这句话精准地戳中了林悦儿最痛的伤疤。她的脸色几不可察地白了一下,随即用一种混合着委屈、担忧和愤懑的语气说道:“李嫂子,快别这么说。景渊哥……哦不,陆团长他可能就是心善,看那孩子孤苦无依,动了恻隐之心。我是怕啊,有些人年纪小,心思可不一定简单。你看她那长相,天生就是……就是容易惹是非的样貌。现在年纪小还不显,等再过两年长开了,还不知道会惹出什么风波呢!陆团长为人正派,能力强,前途无量,可别被某些人装出来的可怜相给蒙蔽了,万一影响了进步,那可就……”

她没直接说出“狐媚子”三个字,但“惹是非”、“容易惹是非的样貌”在那个年代,是更具杀伤力的潜台词。

“哎呀!要真是这样,那可了不得!”王婶子一拍大腿,脸上露出夸张的、却又带着真实忧虑的表情,“咱们这大院最重视的就是作风和根底!陆团长年轻有为,可是咱们军区的标杆,真要是在这上面栽了跟头,被个来历不明的……给带累了,那得多可惜!”

“谁说不是呢!”林悦儿重重叹息一声,仿佛真心实意地在为陆景渊的前途忧心,“我也是看在和陆团长多年的革命情谊上,实在忍不住,才跟你们几位知根知底的嫂子念叨几句。
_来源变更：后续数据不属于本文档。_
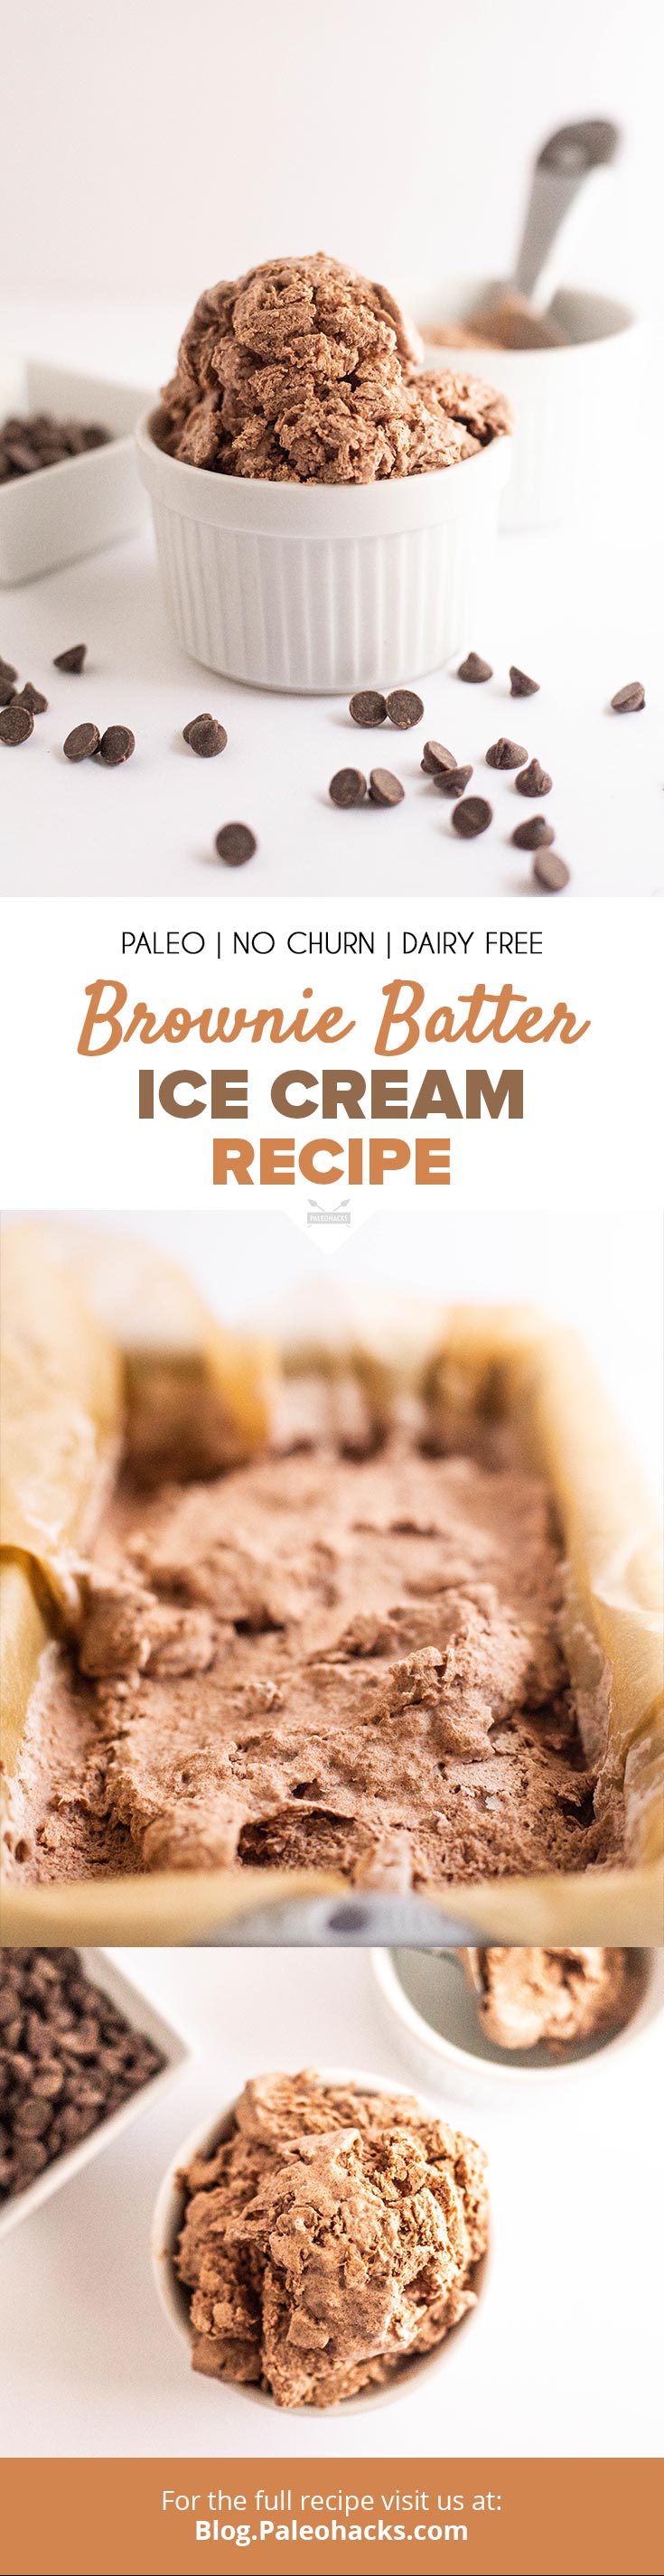 Dig into these dense and decadent brownie batter ice cream - no churning necessary. It's dairy-free, hassle-free, and oh so heavenly.
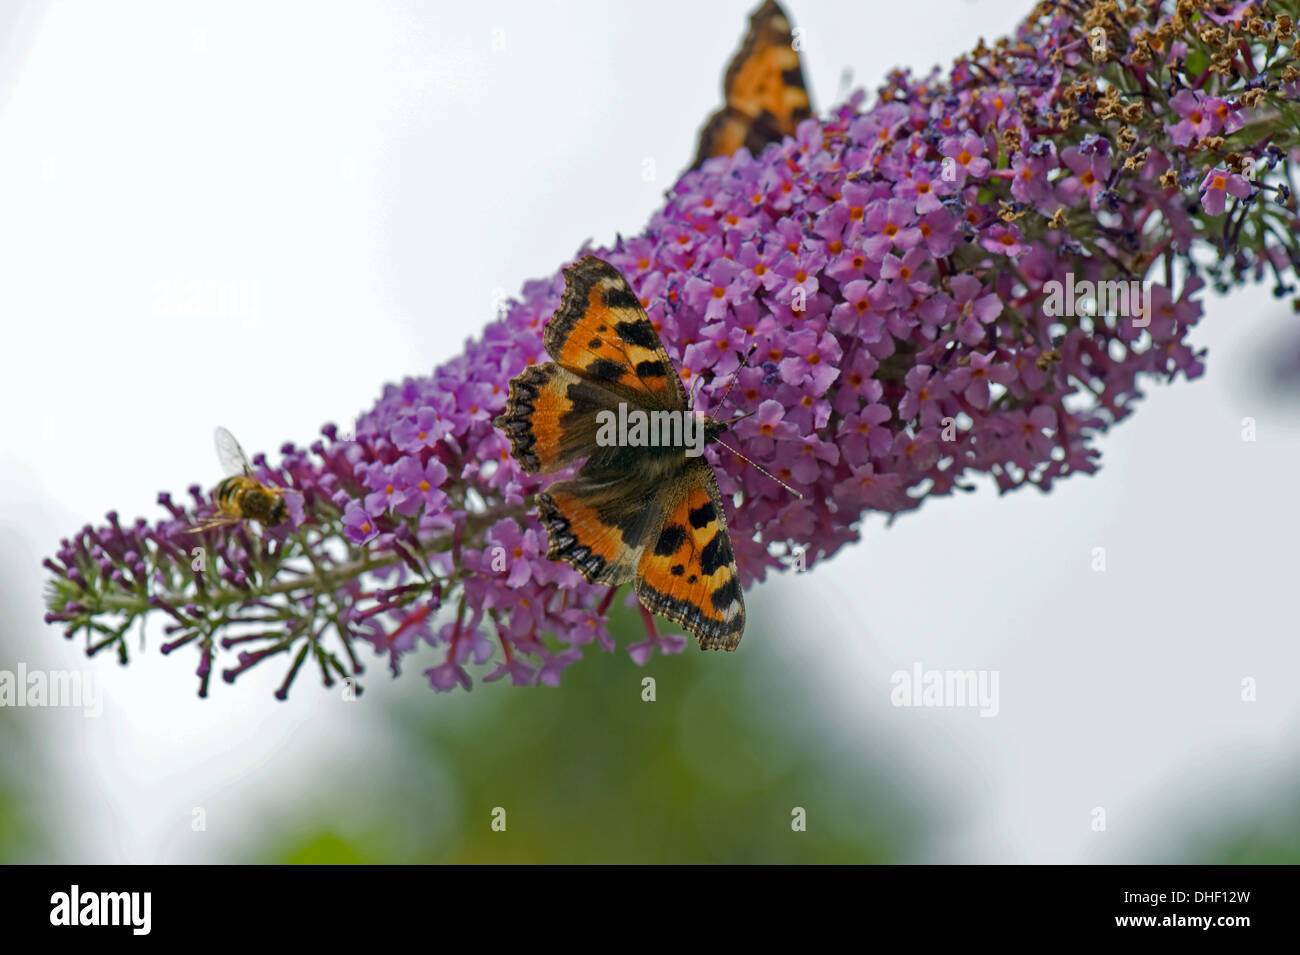 A small tortoiseshel butterfly, Aglais urticae, withothes and a drone fly on a Buddleja davidii flower Stock Photo

这些话,咱们自己心里有数就行,可千万别往外传。不然,叫外人知道了,还以为我林悦儿心胸狭窄,容不下人,故意在背后编排是非呢。”

她嘴上再三叮嘱“别往外传”,眼神却殷切地扫过面前这几位平日里消息最灵通的妇人。她深知,不需要自己亲自去大街小巷吆喝,只要在这些关键的“信息节点”埋下怀疑和恶意的种子,自然会有无数张嘴巴替她浇灌,让这谣言如同瘟疫般在家属院、文工团,甚至更广的范围内滋生蔓延。

她要把“苏星澜”这个名字,和“来历不明”、“作风隐患”、“影响首长前途”这些恶毒的标签死死地焊在一起。她要让所有人看向那小丫头的目光都充满审视与怀疑。她要让陆景渊承受流言的压力,让他明白,如此维护一个“不清不楚”的人,需要付出怎样的代价。

水龙头旁的窃窃私语还在继续,带着猎奇的兴奋、莫名的优越感以及被煽动起来的“正义担忧”。阳光依旧懒洋洋地照着,却仿佛驱不散那依附在闲言碎语上、悄然滋长的寒意。

与此同时,宿舍内。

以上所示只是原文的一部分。